12/08/2012 - 08h00
ELEONORA DE LUCENA
DE SÃO PAULO
"Um governo em que a mão direita e a mão esquerda não parecem
pertencer a um mesmo corpo". Assim a antropóloga Manuela Carneiro da Cunha
define o governo Dilma Rousseff: a gestão tem uma "face boa", que
promove inclusão social, e outra "desenvolvimentista", que "não
se importa em atropelar direitos fundamentais e convenções
internacionais".
Pioneira na discussão contemporânea da questão indígena e liderança no
debate ambiental, Manuela, 69, acha o novo Código Florestal "um tiro no
pé": "A proteção ambiental é crucial para a sustentabilidade do
agronegócio".
A professora emérita da Universidade de Chicago está relançando seu
clássico de 1985, "Negros, Estrangeiros: Os Escravos Libertos e Sua Volta
à África" [Companhia das Letras, 272 págs., R$ 49], sobre escravidão e
liberdade no Atlântico Sul.
Nesta entrevista, concedida por e-mail, ela constata vestígios de realidade
escravocrata no Brasil de hoje: "Olhe com atenção cenas de rua. São muitas
as que parecem saídas de fotografias dos anos 1870 ou até de aquarelas de
Debret, da década de 1820".
Folha - Como a sra. avalia o desempenho do governo Dilma?

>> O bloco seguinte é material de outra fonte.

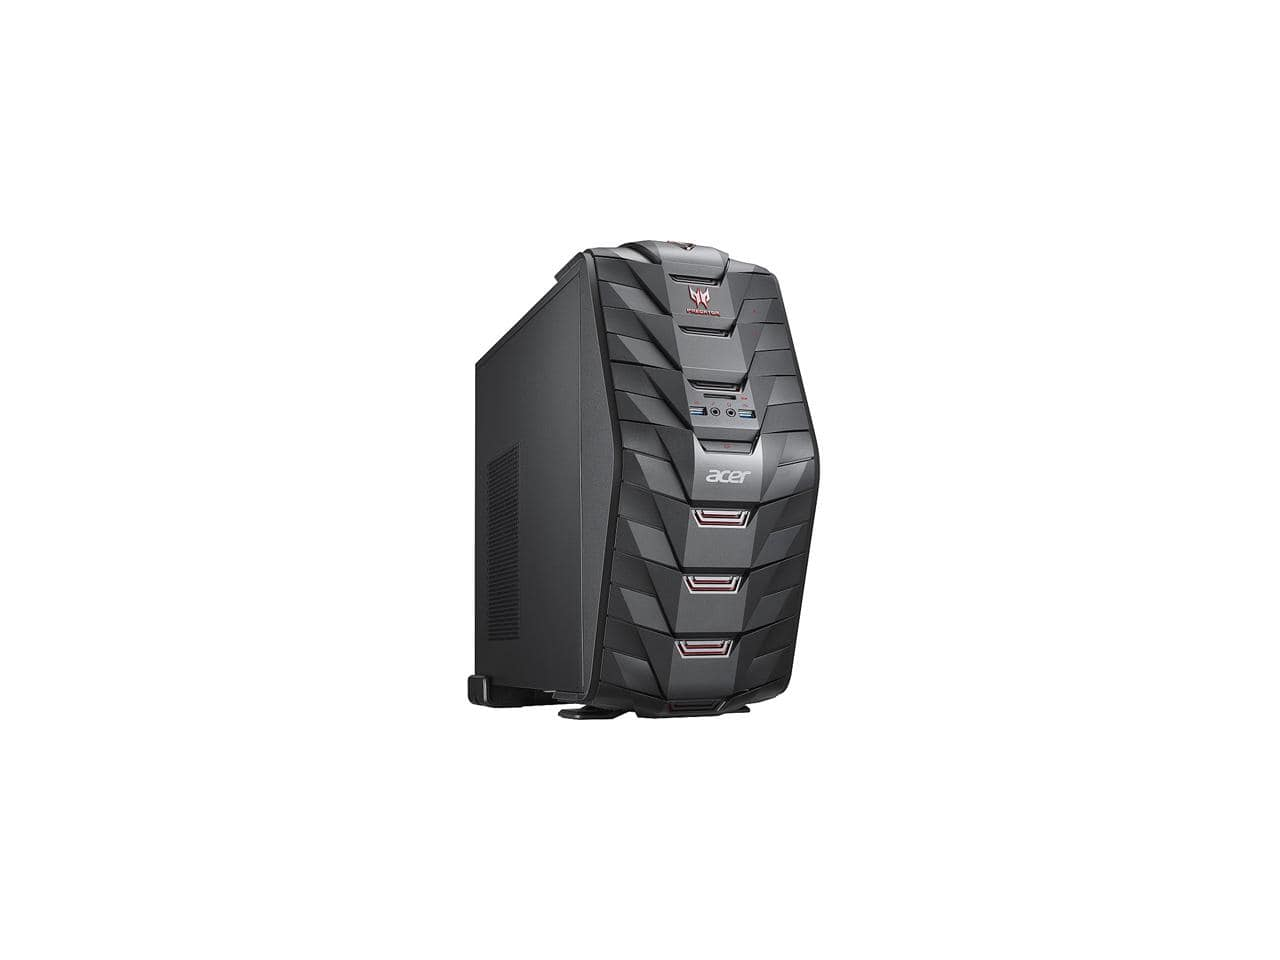 Acer Desktop: i5-6400, 8GB RAM, 128GB SSD + 1TB HDD, GTX 1060 w/ Acer Predator Suitcase V2 $730 + Free Shipping $729.99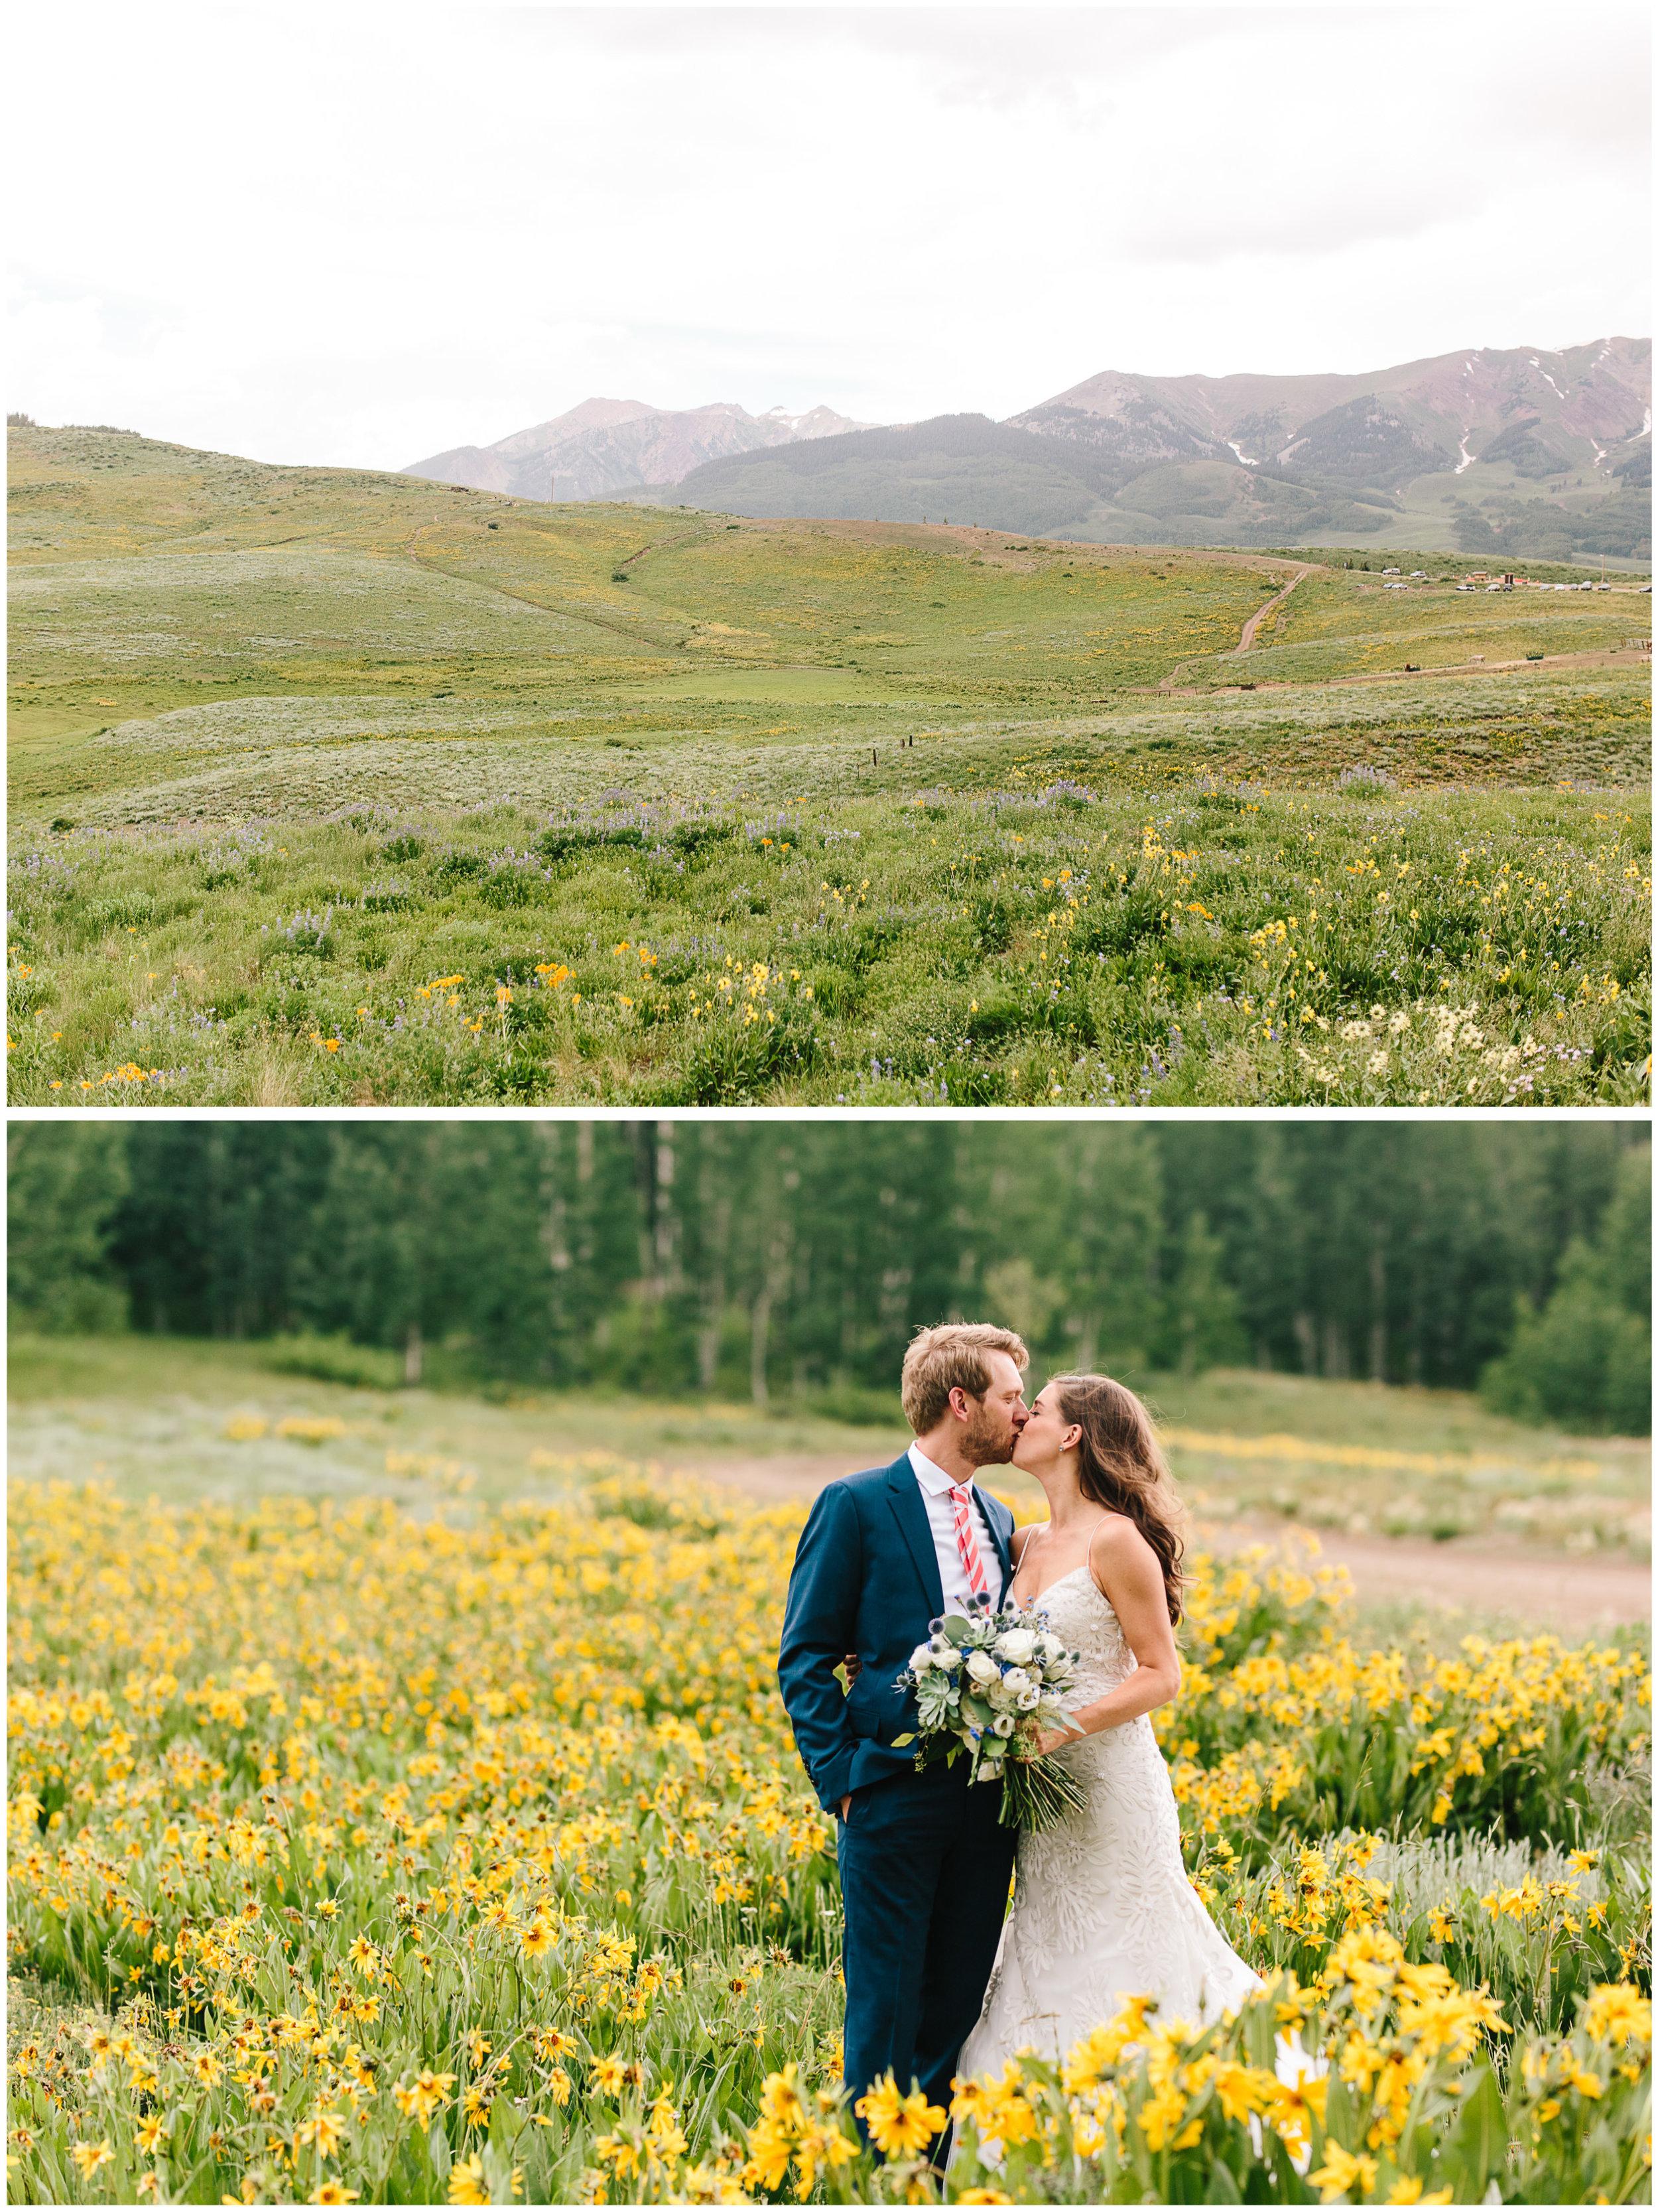 crested_butte_wedding_44.jpg

Manuela C. da Cunha - Há pelo menos duas faces no governo Dilma que não
são simplesmente resultado de composições políticas. Há a face boa, que promove
uma política de inclusão social e de diminuição das desigualdades. E há uma
face desenvolvimentista, um trator que não se importa em atropelar direitos
fundamentais e convenções internacionais.
Exemplos disso são a portaria nº 303, de 16/7, da Advocacia Geral da União,
sobre terras indígenas, que tenta tornar fato consumado matéria que ainda está
em discussão no Supremo Tribunal Federal, além de outras iniciativas recentes
do Executivo, como a redução de áreas de unidades de conservação para
viabilizar hidrelétricas.
Somam-se a essas duas faces do Executivo as concessões absurdas, destinadas
a garantir a sua base parlamentar.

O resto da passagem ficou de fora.